My mother is the undisputed queen of the no-rules style of parenting (which I mentioned in my last column). With her, it wasn’t so much a conscious parenting decision as an inherent personality thing. She has tremendous faith in human beings. And honestly feels that given a decent home, nice role models, and lots of love, kids will behave themselves and grow up into perfectly proper, successful adults. You never ever need to shout at them or discipline them. They just know what is right and will do all it takes to keep their parents happy. Needless to say, my mum’s sense of filial duty runs deep enough to reach the earth’s core. Mine barely reaches the floor below my bed.
Mum’s approach to parenting emerges from her personal beliefs. Be fair to employees, be super-generous and loving to your children, your relatives, and they’ll all be fair and kind back to you. I can now safely say that everyone in my mum’s life – from her employees and maids, to a few of her relatives and certainly both her kids – has worked hard to prove her entirely wrong.
So when it comes to parenting, I go with the lay-down-some-rules school of thought – for us and our kids. But like most parents today I find it hard to do actually lay down the rules. Unlike parents before us, we are – I suspect – a bit insecure about our love. We are richer, busier and more distracted by shopping, social networks and personal gadgets. That’s probably why we are constantly searching for ways to prove to our kids that we love them.
We tend to overcompensate, over-stimulate, over-school the child, while indulging their every whim, and refusing to give them reality checks. I know of parents who work 12-hour-days and return to sleeping kids, only to rush them to malls on weekends and go mad buying clothes and toys. Going to the park and tossing a ball seem so uncool somehow.
In another form of over-compensation, helicoptering mums rush their kids from class to class, trying to channel their own ambitions into their offspring. This parental greed often needs a little bribery. My daughter’s friend has figured out that every time he is selected for an extra-curricular activity, his delighted mum will hand him stuff ranging from money for a treat to an iPad. And then her anxiety starts: ‘What if he is dropped because he doesn’t practice?’ He’s six, and willful, and refuses to practice at home. Crisis! More prizes, gifts and punishments are dangled over his head because – interested or not – succeed he must. After all, it’s mom-vs-mom, and the kids are canon fodder. Sadly, by giving him these ‘rewards’, she’s actually depriving her kid of the joy of taking part simply for the love of it.
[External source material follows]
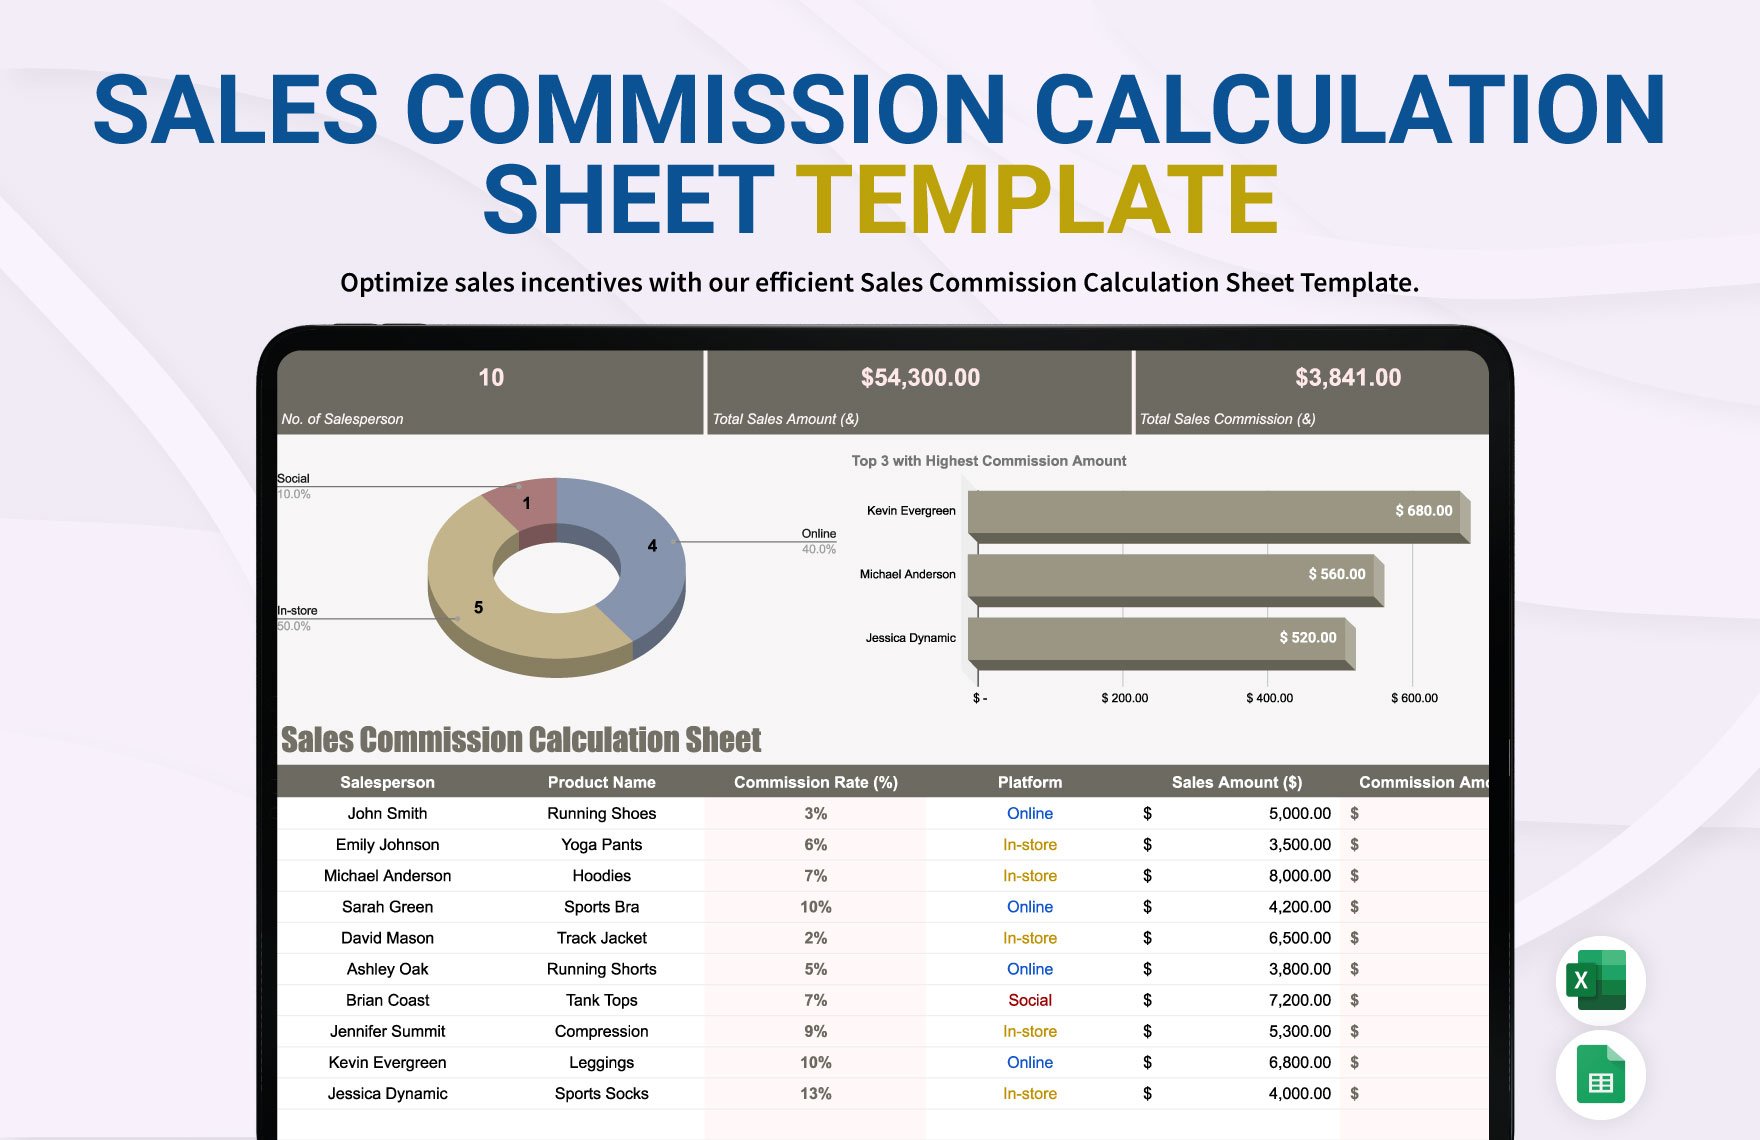 Sales Commission Calculation Sheet Template

Last week, a mum asked me my favourite question (and if you’ve been following this column, you’ll get the joke): ‘My child doesn’t read; what to do?’ I replied carefully, in words of two syllables each, explaining the hows and whys of reading and developing an interest in it in children. At the end of half an hour, with me telling the lady all about literacy techniques and the need to patiently read to children, her eyes had glazed over.
I stopped speaking for a bit and waited. I knew what would follow. ‘So… Do you take classes for this?’ No, I said, I don’t, because it’s important that parents read to their kids. She smiles suddenly – inspiration has struck, no doubt. ‘Do you know of anyone – say a college student – who could come home and read to my kid?’ Since I didn’t, the conversation winds up with smiles and pointless thanks.
Being a parent is hard work. Being a half-way decent parent – someone who gives their child a grounded upbringing, doesn’t pressure them, and is kind and yet firm with them – is harder still.